To entice UK individuals to contribute into pension accounts, the government allows most contributions into a pension to receive something called “tax relief”. This basically means that money may enter your pension, and if any tax had been deducted from that source of money, this gets added back into the pension as well. In essence, the government is saying we will add back any tax deducted from the money entering your pension. Lets try an example:
Mrs Penelope Shun has a salary of £40,000 per annum. All things equal, this means that Penny will receive over the year around £30,583 net of tax and National Insurance contributions. Penny saves this money in her bank account. Penny is smart, and would like to contribute money in to her Wealthsimple Pension to fund a comfortable retirement. Say Penny contributes £10,000 of her savings into her pension. As we know, this contribution will receive tax relief. The government notices that the money that Penny is contributing into her pension has been taxed (remember, her salary was £40k but she received much less, due to tax) therefore they will pay back the tax on this money into Penny's pension. Penny is a basic rate tax payer, who pays 20% tax on her income. This means the government will pay back this tax, by way of increasing the pension contribution by 25%.

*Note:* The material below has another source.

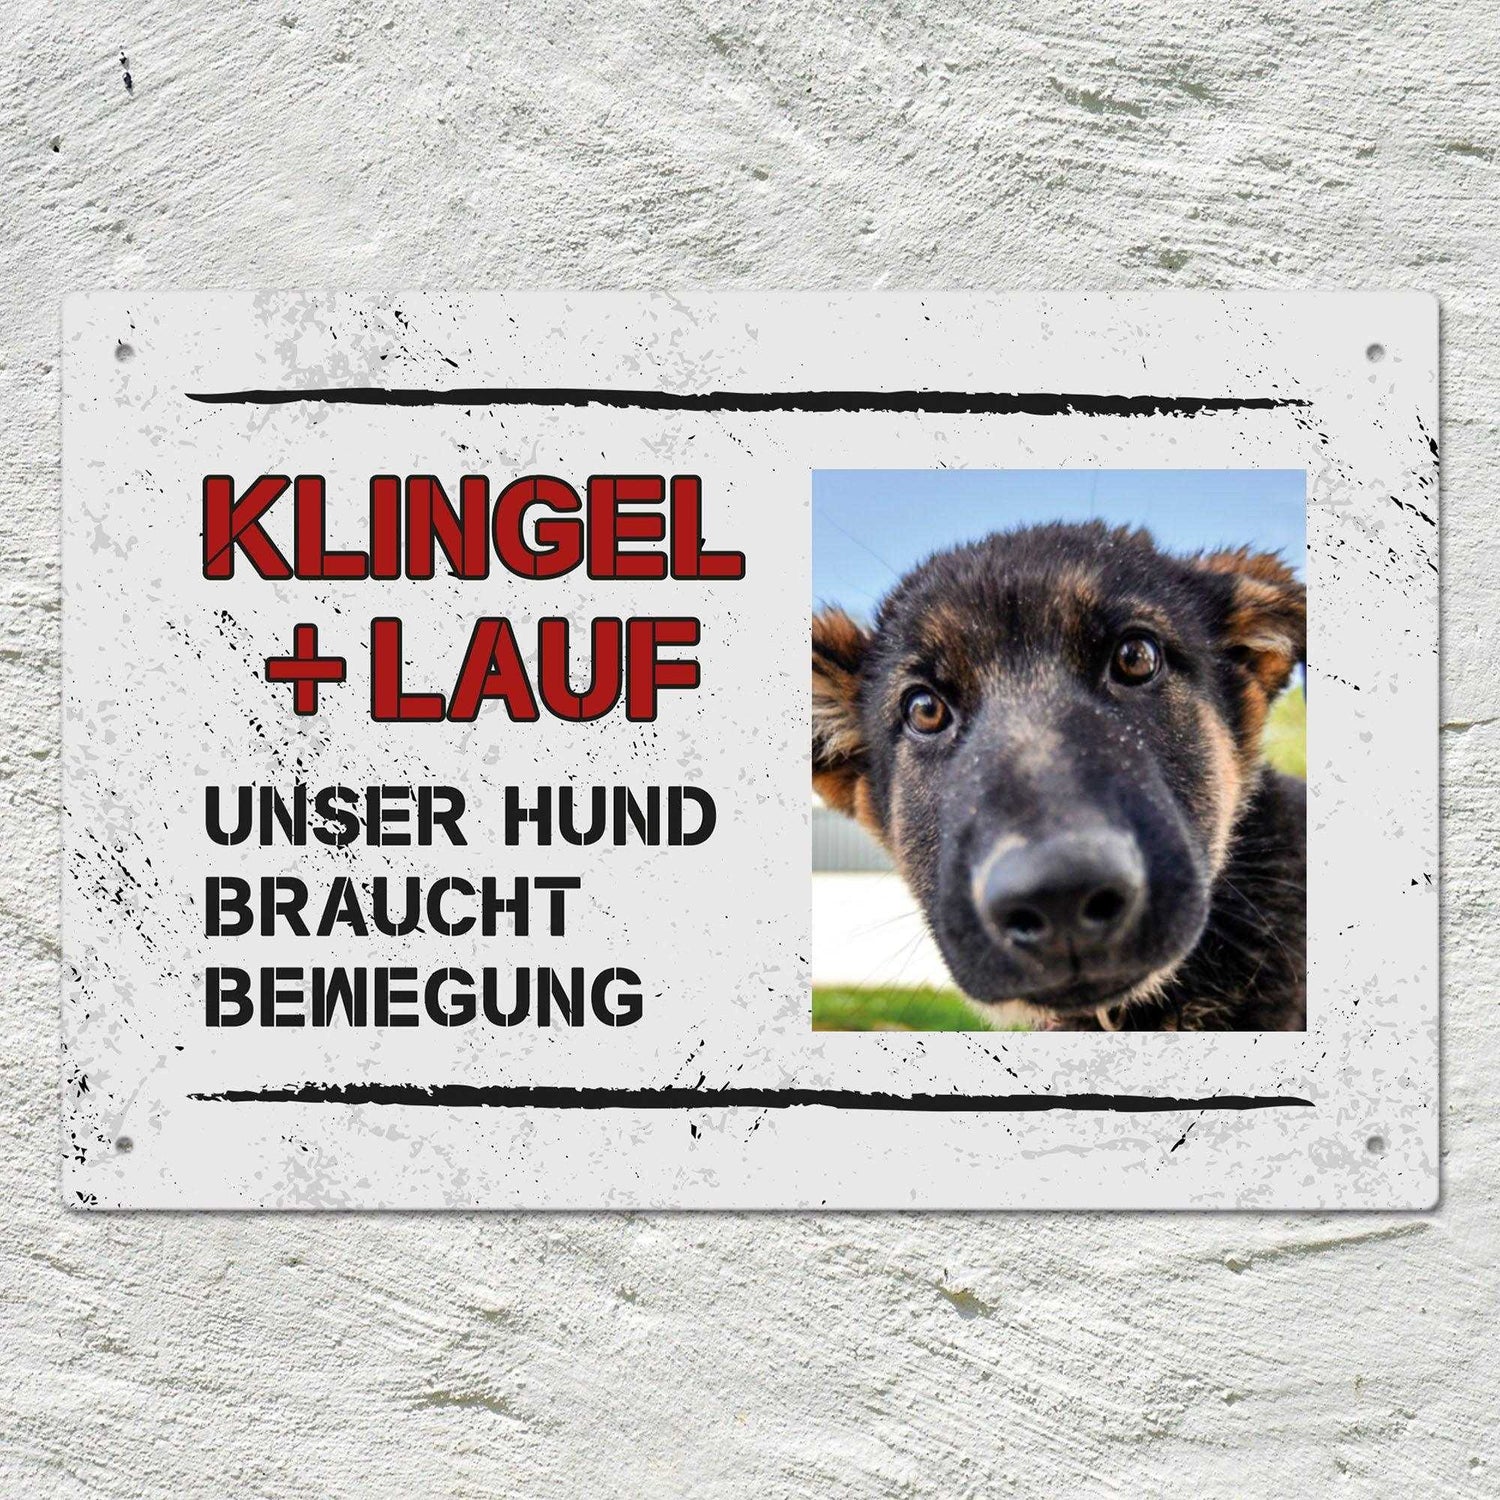 Personalisierbares -Foto- Schild "KLINGEL+LAUF"

25% I hear you cry!? But Penny only pays tax at a rate of 20%?! This is the difference between a net contribution and a gross contribution. A net contribution can be defined as the money that leaves your bank account to fund the pension contribution. This money is then “grossed up” with the tax relief, to enter the pension. The gross contribution in this example is £12,500. This gross pension contribution includes the tax relief of 20%, as 80% of £12,500 is £10,000.

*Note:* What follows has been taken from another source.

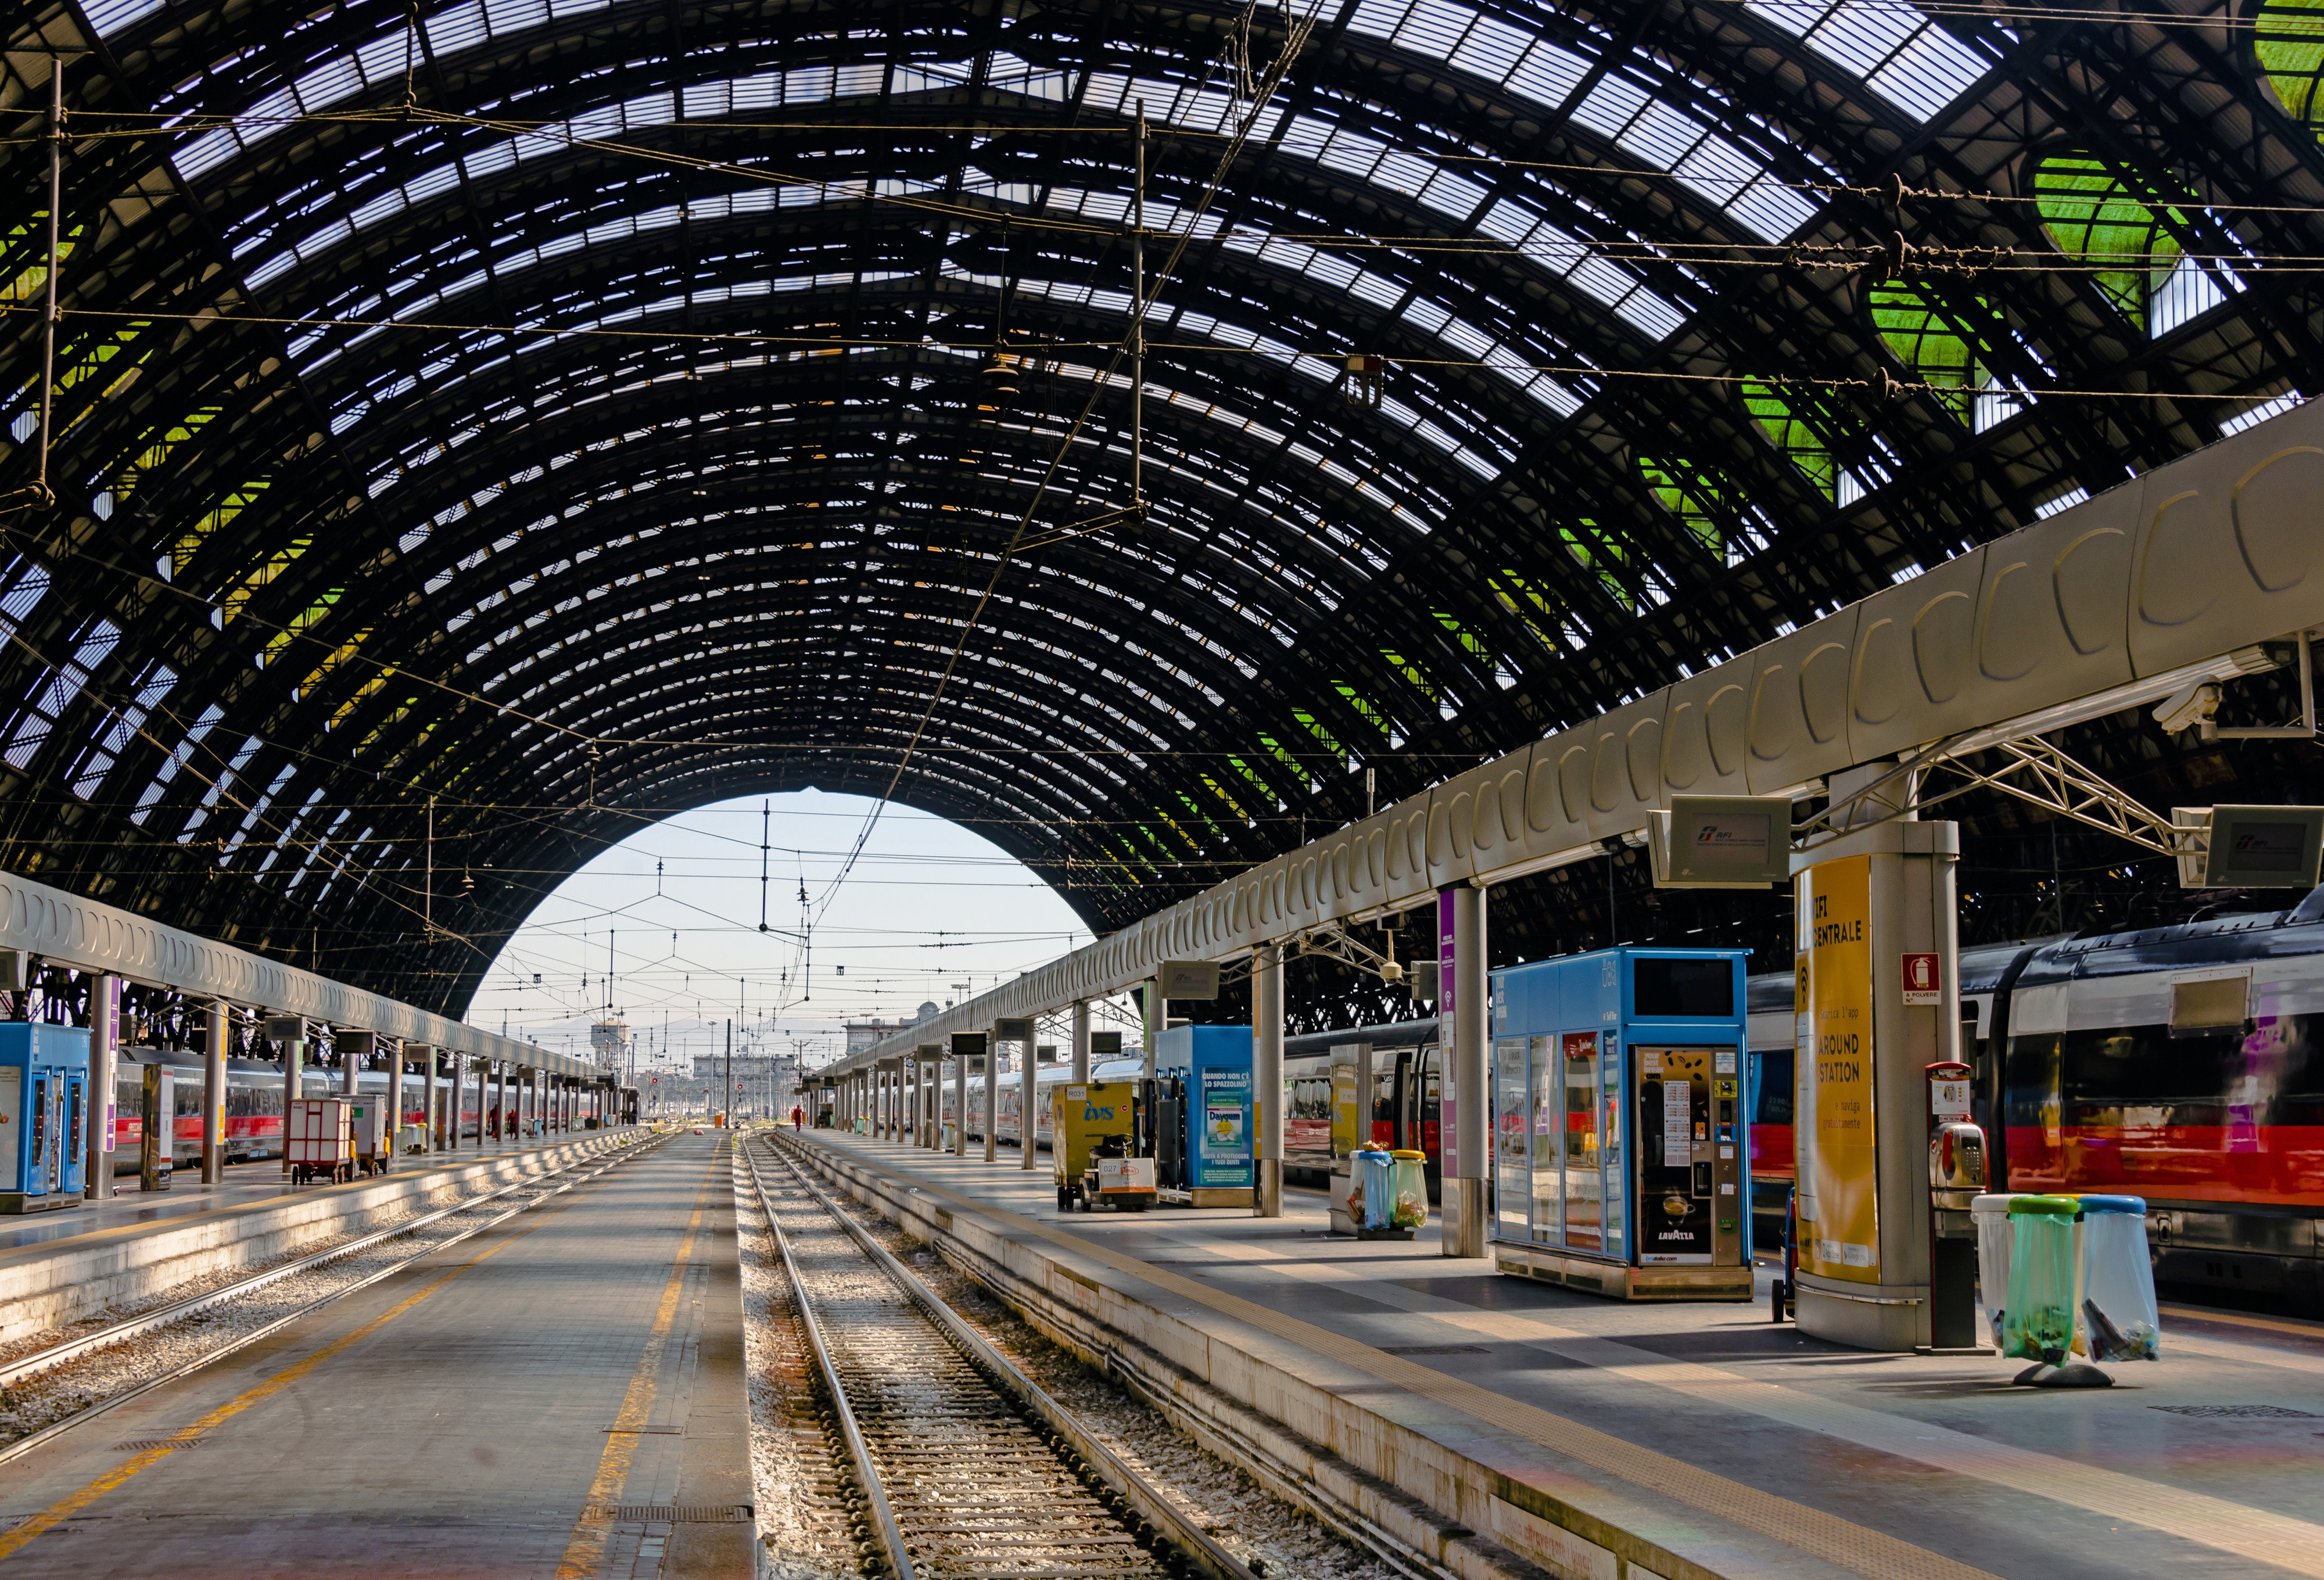 Tracks in MIlano Centrale Stazione trainshed

Now, if Penny was a 40% tax payer, she would receive tax relief at a rate of 40%. Penny would need to perform the exact same procedure as the above, in terms of contributing £10,000 and this entering the pension as the gross £12,500 figure. However, to obtain the additional 20% of tax relief, Penny would need to file a tax return, and include that she made this pension contribution. At this point, HMRC (the UK taxman, for want of a better word) would recognise Penny is indeed entitled to additional tax relief, and would pay this by way of a tax rebate, into her bank account. This means that Penny's net contribution in this case is £7,500.
The process is exactly the same if Penny were to be an “Additional Rate” tax payer (The highest bracket of tax in the UK - 45%). Penny would need to follow the exact same process as above, and then record this contribution on her tax return. Penny would receive an even larger tax rebate. Penny is smart.